● WHAT THE TASK ASKS
From the line with "Eletric Dragon Toy" through the line with "Sport picture of", inclusive, return each line of the data below exactly and leave the rest out.

----

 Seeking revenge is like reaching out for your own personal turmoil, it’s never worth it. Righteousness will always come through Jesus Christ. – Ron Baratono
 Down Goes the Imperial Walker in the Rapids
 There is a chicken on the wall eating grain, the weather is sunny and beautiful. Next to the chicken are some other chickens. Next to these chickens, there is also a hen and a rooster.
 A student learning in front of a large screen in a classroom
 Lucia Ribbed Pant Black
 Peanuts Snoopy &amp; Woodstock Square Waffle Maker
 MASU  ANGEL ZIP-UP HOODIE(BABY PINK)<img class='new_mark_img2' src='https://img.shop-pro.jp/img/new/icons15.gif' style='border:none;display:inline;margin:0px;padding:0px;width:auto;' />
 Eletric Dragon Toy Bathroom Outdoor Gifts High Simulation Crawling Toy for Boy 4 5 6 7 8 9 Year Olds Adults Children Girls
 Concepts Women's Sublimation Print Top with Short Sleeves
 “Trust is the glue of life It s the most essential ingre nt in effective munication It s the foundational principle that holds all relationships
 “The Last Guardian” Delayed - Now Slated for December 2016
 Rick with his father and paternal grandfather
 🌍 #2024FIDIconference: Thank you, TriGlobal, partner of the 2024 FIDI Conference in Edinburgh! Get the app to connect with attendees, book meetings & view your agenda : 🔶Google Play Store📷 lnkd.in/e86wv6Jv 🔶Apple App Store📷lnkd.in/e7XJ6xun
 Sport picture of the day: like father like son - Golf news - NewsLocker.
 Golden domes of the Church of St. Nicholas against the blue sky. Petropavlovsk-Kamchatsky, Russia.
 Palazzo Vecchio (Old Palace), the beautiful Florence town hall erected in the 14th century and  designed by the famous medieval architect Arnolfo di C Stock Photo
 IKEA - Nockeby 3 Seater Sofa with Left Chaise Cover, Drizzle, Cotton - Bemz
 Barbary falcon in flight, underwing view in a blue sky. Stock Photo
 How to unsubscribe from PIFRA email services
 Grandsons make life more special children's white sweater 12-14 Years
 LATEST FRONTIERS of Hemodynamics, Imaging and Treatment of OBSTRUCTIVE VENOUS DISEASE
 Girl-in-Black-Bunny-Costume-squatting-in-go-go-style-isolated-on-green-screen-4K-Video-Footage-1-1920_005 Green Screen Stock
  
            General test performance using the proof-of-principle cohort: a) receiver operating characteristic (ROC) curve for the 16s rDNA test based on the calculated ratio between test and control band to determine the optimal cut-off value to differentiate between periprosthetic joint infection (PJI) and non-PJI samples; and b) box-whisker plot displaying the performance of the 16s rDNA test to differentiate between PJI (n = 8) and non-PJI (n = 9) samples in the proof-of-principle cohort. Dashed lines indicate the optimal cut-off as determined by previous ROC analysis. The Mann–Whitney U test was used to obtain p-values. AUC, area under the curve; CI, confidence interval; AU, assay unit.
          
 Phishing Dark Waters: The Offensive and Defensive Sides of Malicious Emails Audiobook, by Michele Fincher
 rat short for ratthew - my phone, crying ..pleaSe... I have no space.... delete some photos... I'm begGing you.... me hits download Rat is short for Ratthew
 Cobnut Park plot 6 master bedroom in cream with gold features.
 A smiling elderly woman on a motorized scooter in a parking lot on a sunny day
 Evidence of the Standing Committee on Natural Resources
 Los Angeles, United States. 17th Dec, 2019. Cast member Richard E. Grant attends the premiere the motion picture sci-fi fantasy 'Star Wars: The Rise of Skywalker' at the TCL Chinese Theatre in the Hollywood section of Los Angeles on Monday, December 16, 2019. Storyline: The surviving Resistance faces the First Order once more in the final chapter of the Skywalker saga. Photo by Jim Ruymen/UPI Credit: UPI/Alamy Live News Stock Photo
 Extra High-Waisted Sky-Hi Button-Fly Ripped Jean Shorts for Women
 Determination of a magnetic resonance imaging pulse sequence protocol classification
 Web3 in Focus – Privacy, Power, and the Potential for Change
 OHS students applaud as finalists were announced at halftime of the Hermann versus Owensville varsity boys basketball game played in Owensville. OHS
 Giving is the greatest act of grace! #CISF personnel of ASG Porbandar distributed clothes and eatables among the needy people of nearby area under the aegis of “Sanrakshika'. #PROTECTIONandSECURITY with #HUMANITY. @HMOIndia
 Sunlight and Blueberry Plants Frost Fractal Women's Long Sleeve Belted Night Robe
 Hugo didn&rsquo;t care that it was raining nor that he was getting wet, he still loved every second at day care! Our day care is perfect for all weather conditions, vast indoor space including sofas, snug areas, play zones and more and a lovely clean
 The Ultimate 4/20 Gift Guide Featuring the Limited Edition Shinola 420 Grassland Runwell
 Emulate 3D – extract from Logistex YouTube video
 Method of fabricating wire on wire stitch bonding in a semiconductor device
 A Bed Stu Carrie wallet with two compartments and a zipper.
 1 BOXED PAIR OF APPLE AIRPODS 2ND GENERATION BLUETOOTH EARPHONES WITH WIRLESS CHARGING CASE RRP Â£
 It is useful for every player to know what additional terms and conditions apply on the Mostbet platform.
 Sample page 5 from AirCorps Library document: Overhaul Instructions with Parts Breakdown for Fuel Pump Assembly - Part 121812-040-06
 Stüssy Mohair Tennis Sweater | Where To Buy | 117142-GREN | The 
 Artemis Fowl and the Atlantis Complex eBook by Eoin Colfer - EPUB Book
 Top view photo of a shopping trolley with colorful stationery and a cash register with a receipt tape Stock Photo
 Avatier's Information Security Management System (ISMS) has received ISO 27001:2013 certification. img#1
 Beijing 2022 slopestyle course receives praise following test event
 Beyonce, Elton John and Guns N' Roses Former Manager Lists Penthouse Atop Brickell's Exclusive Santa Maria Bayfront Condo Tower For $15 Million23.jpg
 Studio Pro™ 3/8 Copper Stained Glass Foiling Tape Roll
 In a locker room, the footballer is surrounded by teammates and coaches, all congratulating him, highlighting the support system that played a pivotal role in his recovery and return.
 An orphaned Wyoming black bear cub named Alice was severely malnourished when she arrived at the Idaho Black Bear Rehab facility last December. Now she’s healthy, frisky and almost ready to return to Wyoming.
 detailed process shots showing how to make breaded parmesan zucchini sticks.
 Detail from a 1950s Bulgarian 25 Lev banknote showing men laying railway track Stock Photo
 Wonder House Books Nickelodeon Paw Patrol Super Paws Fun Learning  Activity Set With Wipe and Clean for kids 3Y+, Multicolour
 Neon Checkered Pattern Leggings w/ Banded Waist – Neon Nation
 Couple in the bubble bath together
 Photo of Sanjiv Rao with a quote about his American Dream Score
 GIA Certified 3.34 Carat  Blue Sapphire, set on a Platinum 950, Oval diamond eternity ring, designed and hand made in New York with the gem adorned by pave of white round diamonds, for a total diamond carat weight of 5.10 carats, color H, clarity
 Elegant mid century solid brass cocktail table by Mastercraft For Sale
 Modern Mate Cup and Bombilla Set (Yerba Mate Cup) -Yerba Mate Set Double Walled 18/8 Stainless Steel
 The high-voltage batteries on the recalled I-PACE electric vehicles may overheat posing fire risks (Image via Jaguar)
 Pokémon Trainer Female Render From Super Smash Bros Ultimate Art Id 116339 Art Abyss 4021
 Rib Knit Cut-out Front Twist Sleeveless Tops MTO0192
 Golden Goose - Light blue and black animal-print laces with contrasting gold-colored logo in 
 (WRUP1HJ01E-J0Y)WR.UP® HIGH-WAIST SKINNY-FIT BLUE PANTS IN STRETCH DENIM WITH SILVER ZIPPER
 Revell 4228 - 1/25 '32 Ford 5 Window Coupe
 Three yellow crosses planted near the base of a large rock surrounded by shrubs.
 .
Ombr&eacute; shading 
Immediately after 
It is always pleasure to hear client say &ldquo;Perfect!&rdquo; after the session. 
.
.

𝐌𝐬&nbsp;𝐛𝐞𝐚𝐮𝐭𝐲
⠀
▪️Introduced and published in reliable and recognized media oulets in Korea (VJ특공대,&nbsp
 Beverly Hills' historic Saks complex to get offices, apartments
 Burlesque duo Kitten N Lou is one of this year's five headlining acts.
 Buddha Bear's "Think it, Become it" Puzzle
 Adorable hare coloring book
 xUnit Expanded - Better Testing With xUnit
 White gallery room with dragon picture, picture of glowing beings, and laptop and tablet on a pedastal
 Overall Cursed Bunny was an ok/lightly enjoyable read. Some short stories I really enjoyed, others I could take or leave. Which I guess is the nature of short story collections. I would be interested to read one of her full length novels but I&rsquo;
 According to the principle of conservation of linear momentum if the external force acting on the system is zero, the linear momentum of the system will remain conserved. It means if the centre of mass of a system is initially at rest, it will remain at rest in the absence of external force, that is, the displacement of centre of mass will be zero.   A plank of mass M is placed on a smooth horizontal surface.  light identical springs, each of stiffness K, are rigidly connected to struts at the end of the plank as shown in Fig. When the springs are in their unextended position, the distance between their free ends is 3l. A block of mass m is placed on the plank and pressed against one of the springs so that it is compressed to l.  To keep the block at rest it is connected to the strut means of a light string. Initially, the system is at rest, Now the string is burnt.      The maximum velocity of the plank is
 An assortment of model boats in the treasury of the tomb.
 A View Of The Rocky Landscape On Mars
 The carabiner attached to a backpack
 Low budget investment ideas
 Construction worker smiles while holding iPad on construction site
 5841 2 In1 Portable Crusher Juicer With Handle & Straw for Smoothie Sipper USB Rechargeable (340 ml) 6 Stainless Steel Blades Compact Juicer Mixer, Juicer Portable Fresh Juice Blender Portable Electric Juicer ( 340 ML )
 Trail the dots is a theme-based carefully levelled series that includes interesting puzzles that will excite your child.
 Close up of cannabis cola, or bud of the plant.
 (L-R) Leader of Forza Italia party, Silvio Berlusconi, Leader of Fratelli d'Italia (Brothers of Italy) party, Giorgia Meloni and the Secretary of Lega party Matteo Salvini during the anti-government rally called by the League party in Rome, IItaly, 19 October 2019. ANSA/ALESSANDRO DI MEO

----

● SOLUTION FOR THIS EXERCISE
 Eletric Dragon Toy Bathroom Outdoor Gifts High Simulation Crawling Toy for Boy 4 5 6 7 8 9 Year Olds Adults Children Girls
 Concepts Women's Sublimation Print Top with Short Sleeves
 “Trust is the glue of life It s the most essential ingre nt in effective munication It s the foundational principle that holds all relationships
 “The Last Guardian” Delayed - Now Slated for December 2016
 Rick with his father and paternal grandfather
 🌍 #2024FIDIconference: Thank you, TriGlobal, partner of the 2024 FIDI Conference in Edinburgh! Get the app to connect with attendees, book meetings & view your agenda : 🔶Google Play Store📷 lnkd.in/e86wv6Jv 🔶Apple App Store📷lnkd.in/e7XJ6xun
 Sport picture of the day: like father like son - Golf news - NewsLocker.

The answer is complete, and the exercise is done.